I will be very simple.
1.Destroying the grammar schools did not make the Secondary Moderns better.
2.On the contrary, it condemned many people who had previously had an escape route from this, to a Secondary Modern education.
3.A large number of modern comprehensives are without doubt worse than the Secondary Moderns they replaced, in terms of discipline, educational attainment , teaching quality, bullying and disorder, etc. If we were able to judge them by a constant measure, rather than through the inflated and worthless examination certificates of modern Britain, this would be quite obvious.
4.Thus, the supposed concern of the ‘Wot about the Secondary Moderns. Eh? Eh? Eh?’ claque is entirely false. They don’t really care about the educational fate of the poor. They just display their phoney woe to obscure the fact that their ideology demands the destruction of good schools. Who can blame them? It is (unsurprisingly) embarrassing for them to acknowledge that their beliefs have had such a stupid and wasteful outcome, and have hurt the poor people whom they claim to champion.

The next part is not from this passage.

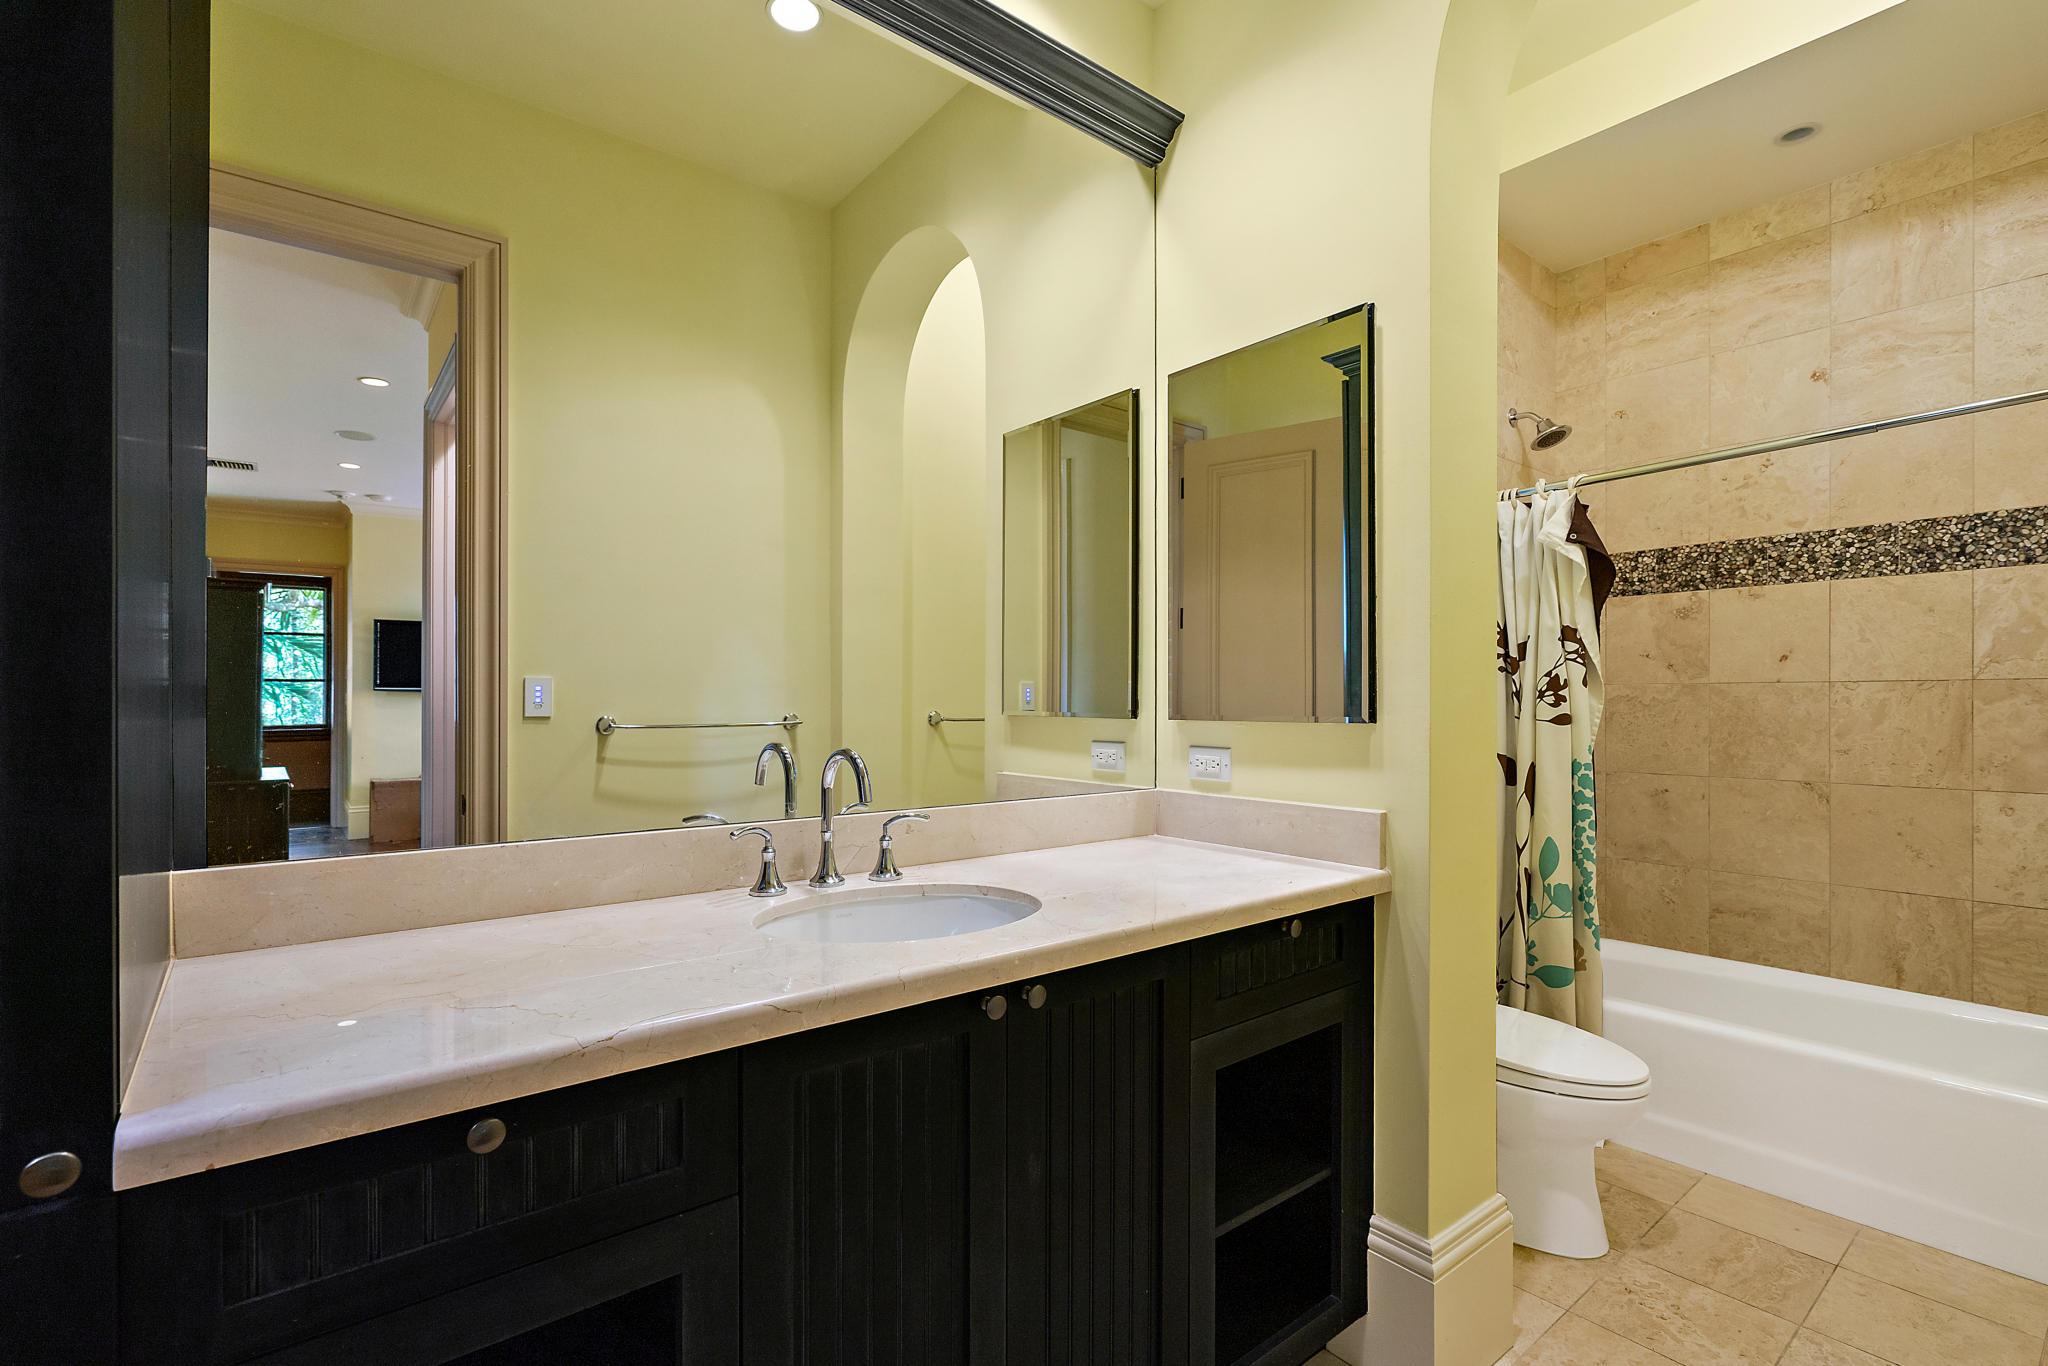 guest house bathroom 1

Rather than have the academically-able minority provided with good schools, they condemn the bright children of the poor to hopelessness.

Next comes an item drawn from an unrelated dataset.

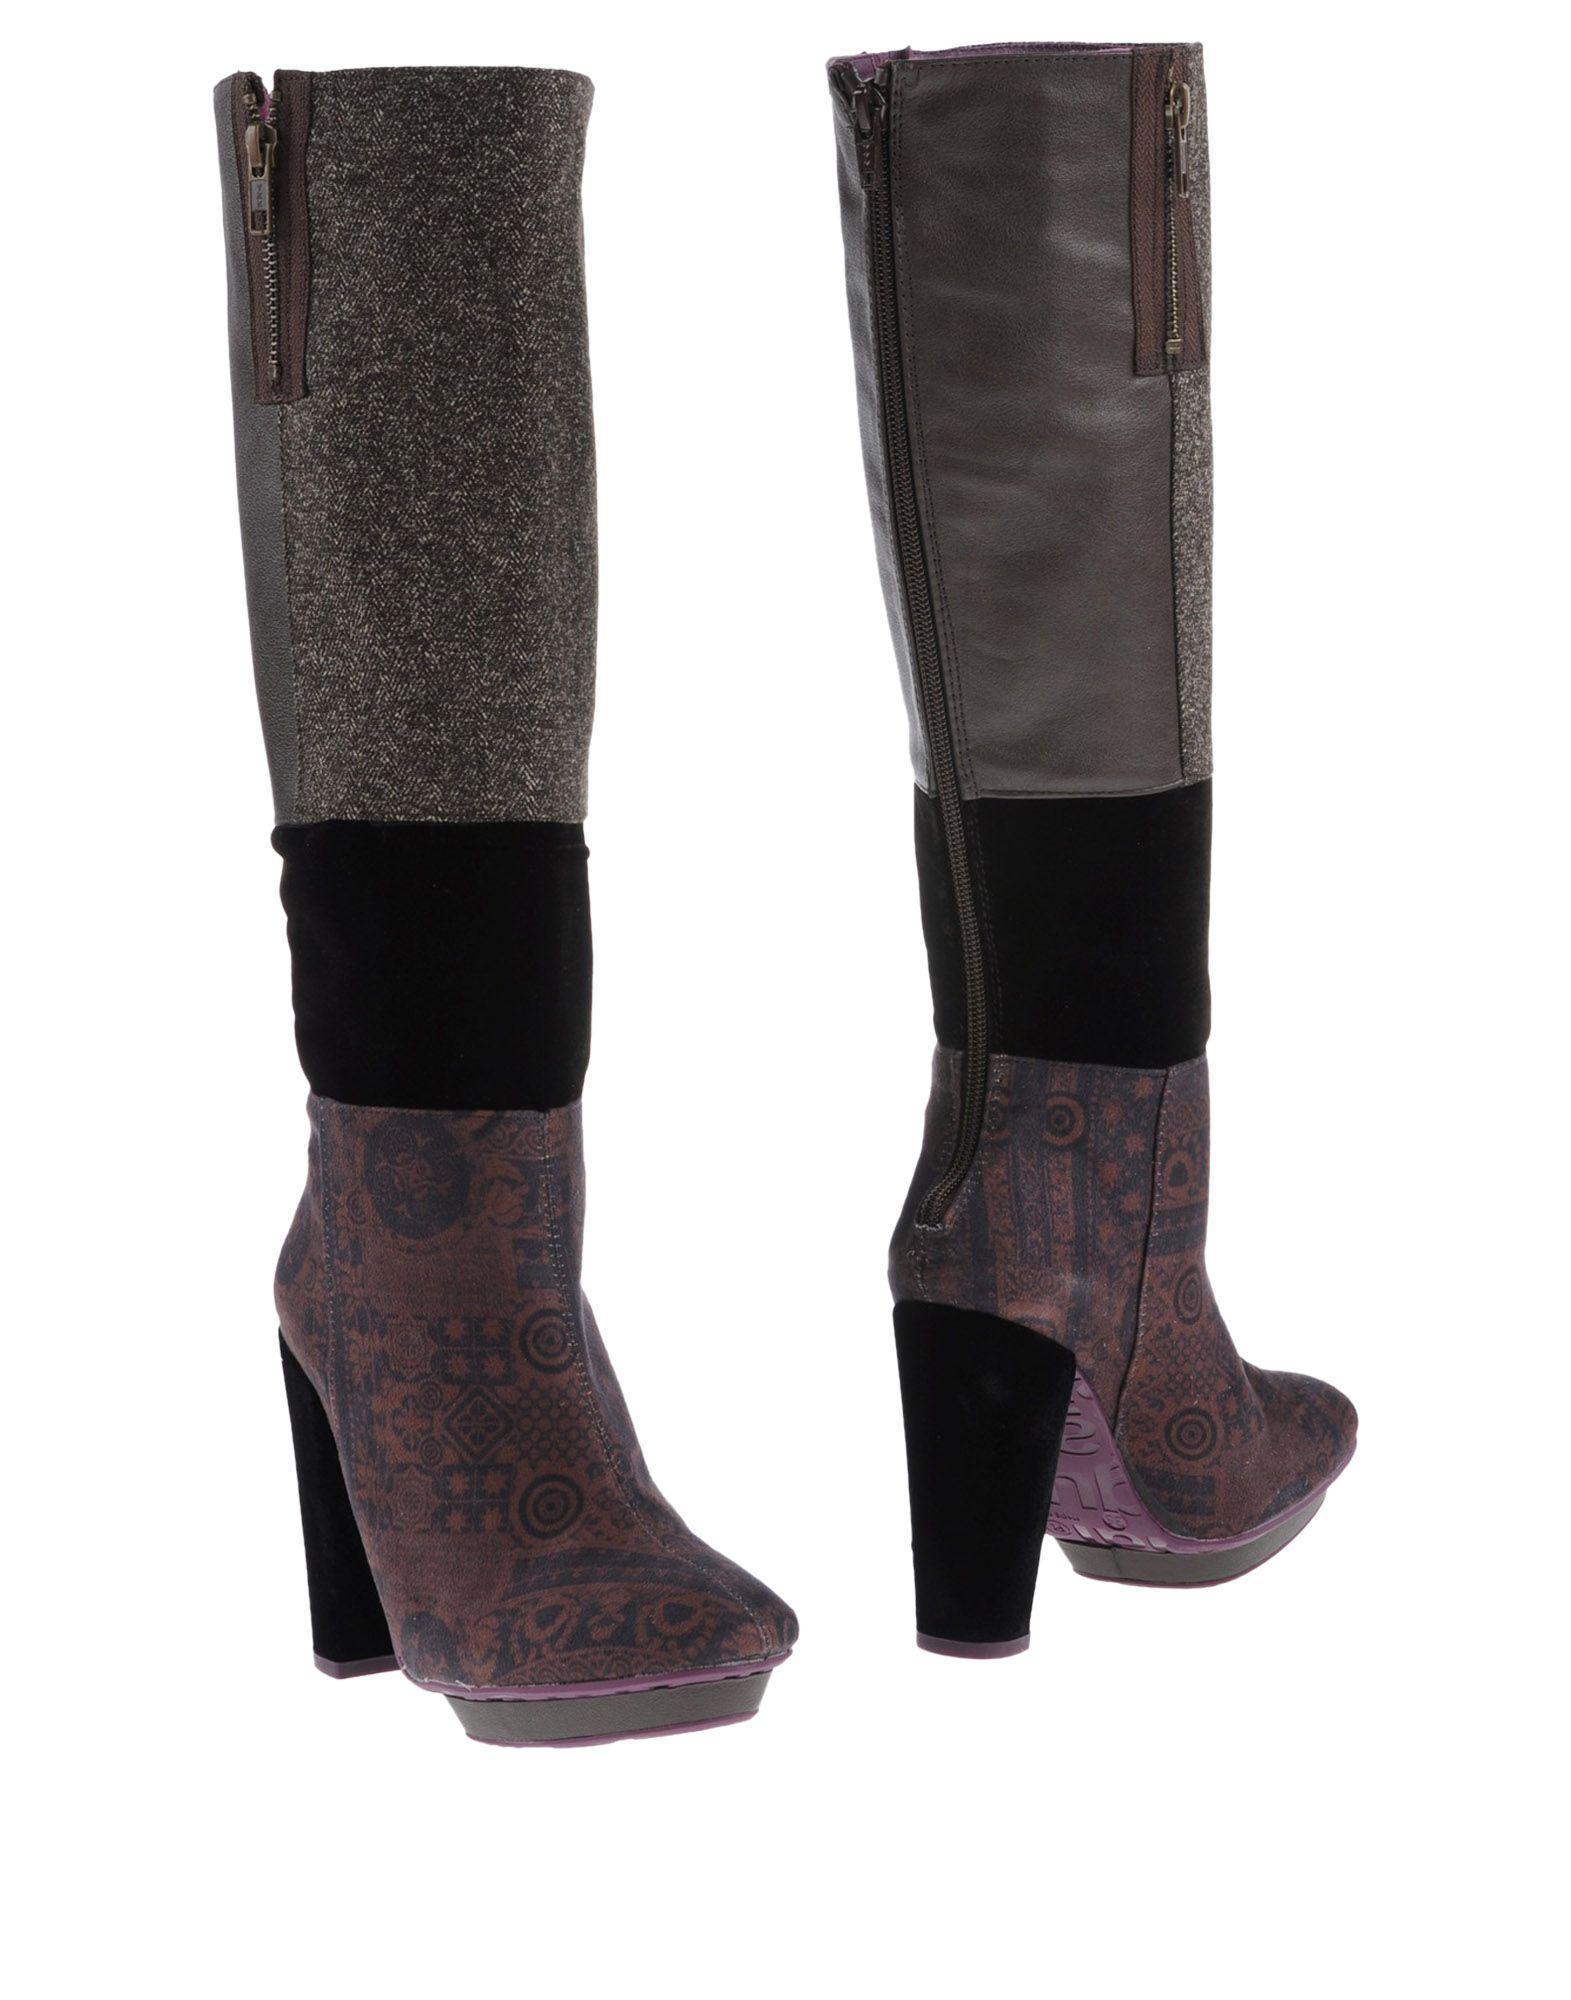 Desigual Stiefel Damen  11181495DI Gute Qualität beliebte Schuhe

5. I have many times said, and here repeat, that the 1944 system was in need of reform. I just don’t accept that Circular 10/65 was the right reform. Here are several reforms which would have been valuable, and which would not have destroyed hundreds of fine and irreplaceable schools.

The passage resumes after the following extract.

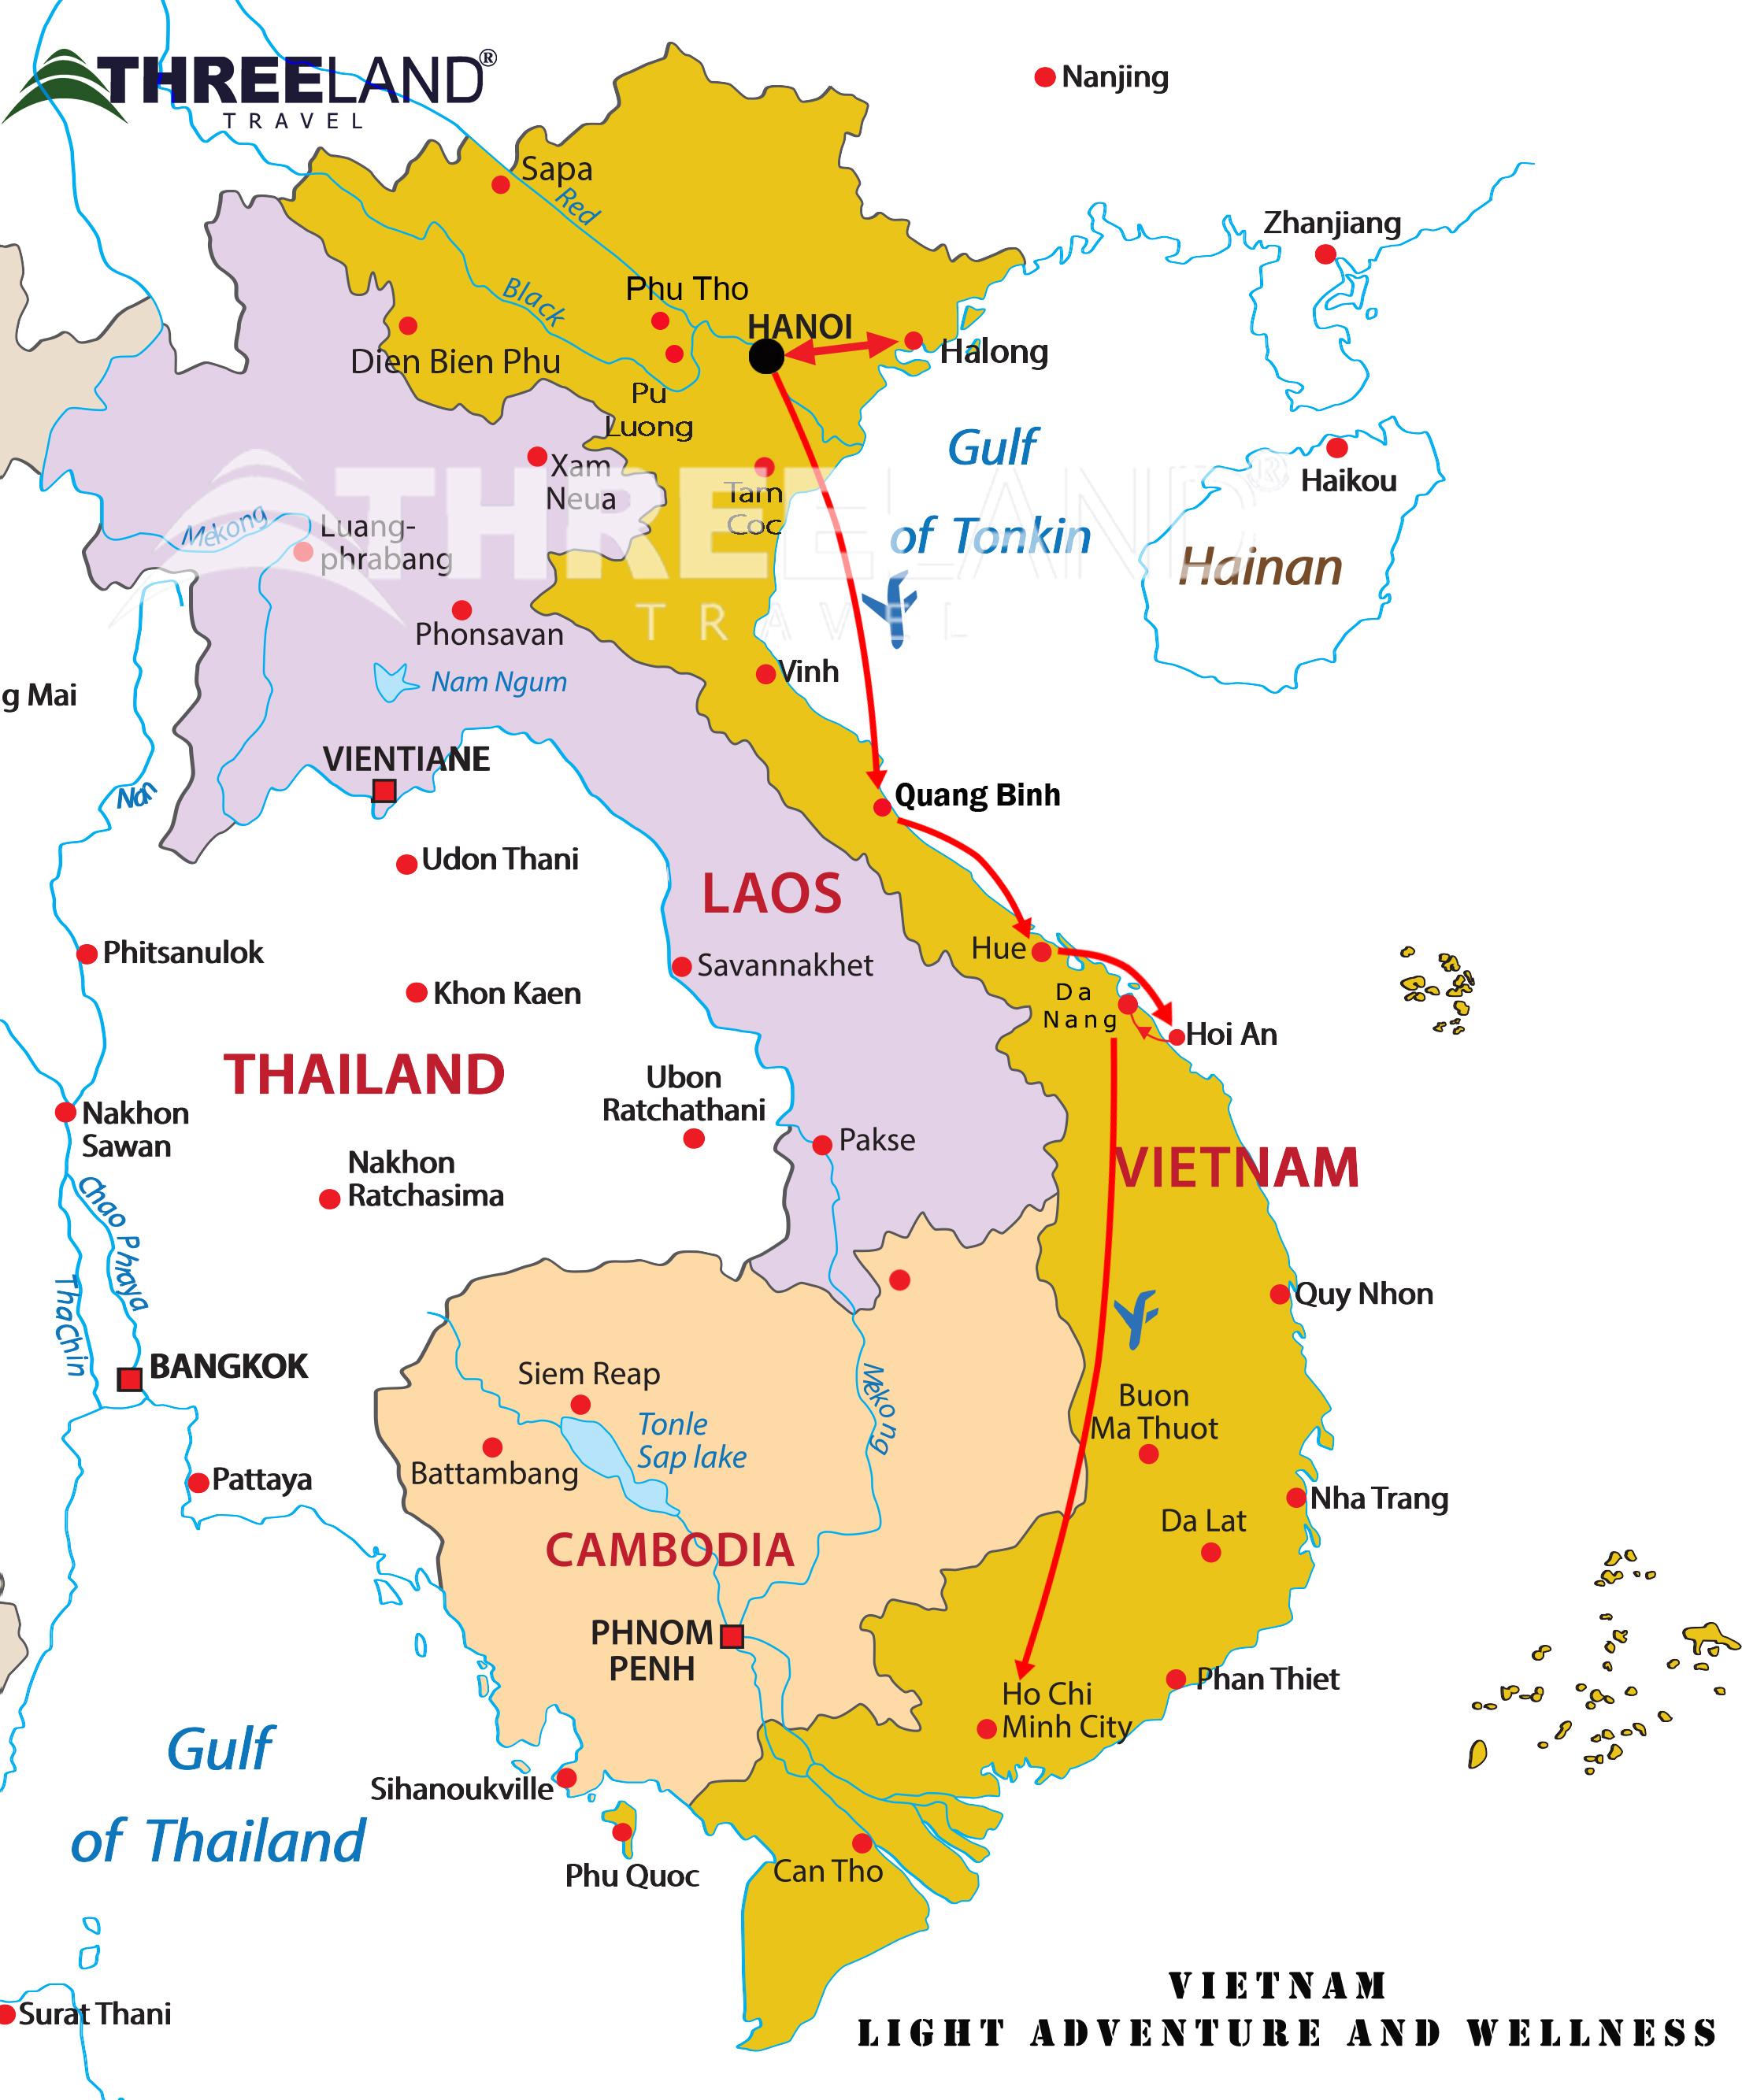 Vietnam Light Adventure and Wellness

1. A more even provision of grammar schools throughout the country.
2.More girls’ grammar schools
3. The building and staffing of the technical schools envisaged in the 1944 Act so that such schools were available in every part of the country.
4. A more flexible test for grammar school entry, as applied in Germany.
All these could have been achieved well within the enormous budgets expended on going comprehensive, and the subsequent vast expenditure on education in this country, which largely still cannot , in eleven years of full-time education, produce people who can read, write and count.
AS to how a political party can get such a proposal past a general election, just give me a political party, a general election, and let me try. How can anyone claim that giving a good education to the poor benefits only those who win places in selective schools? A better-educated country which refuses to waste its talents as we do, is better for everyone in it – its people are more civilised, its services more efficient, its sciences more alive and inventive, its industries more successful, its media and its political class better informed and wiser.
(I will also re-run here the old Randolph Churchill joke which so well illustrates the nature of this question. News was brought to Evelyn Waugh that Randolph Churchill was in hospital for the removal of a non-malignant tumour. Waugh remarked ‘How typical of the medical profession to rummage through the entire vast body of Randolph Churchill, find the one thing in it that is not malignant, and remove it.’
Much the same could be said of the education reformers who examined our school system in 1965, located the one part of it that was working well, and smashed it to pieces).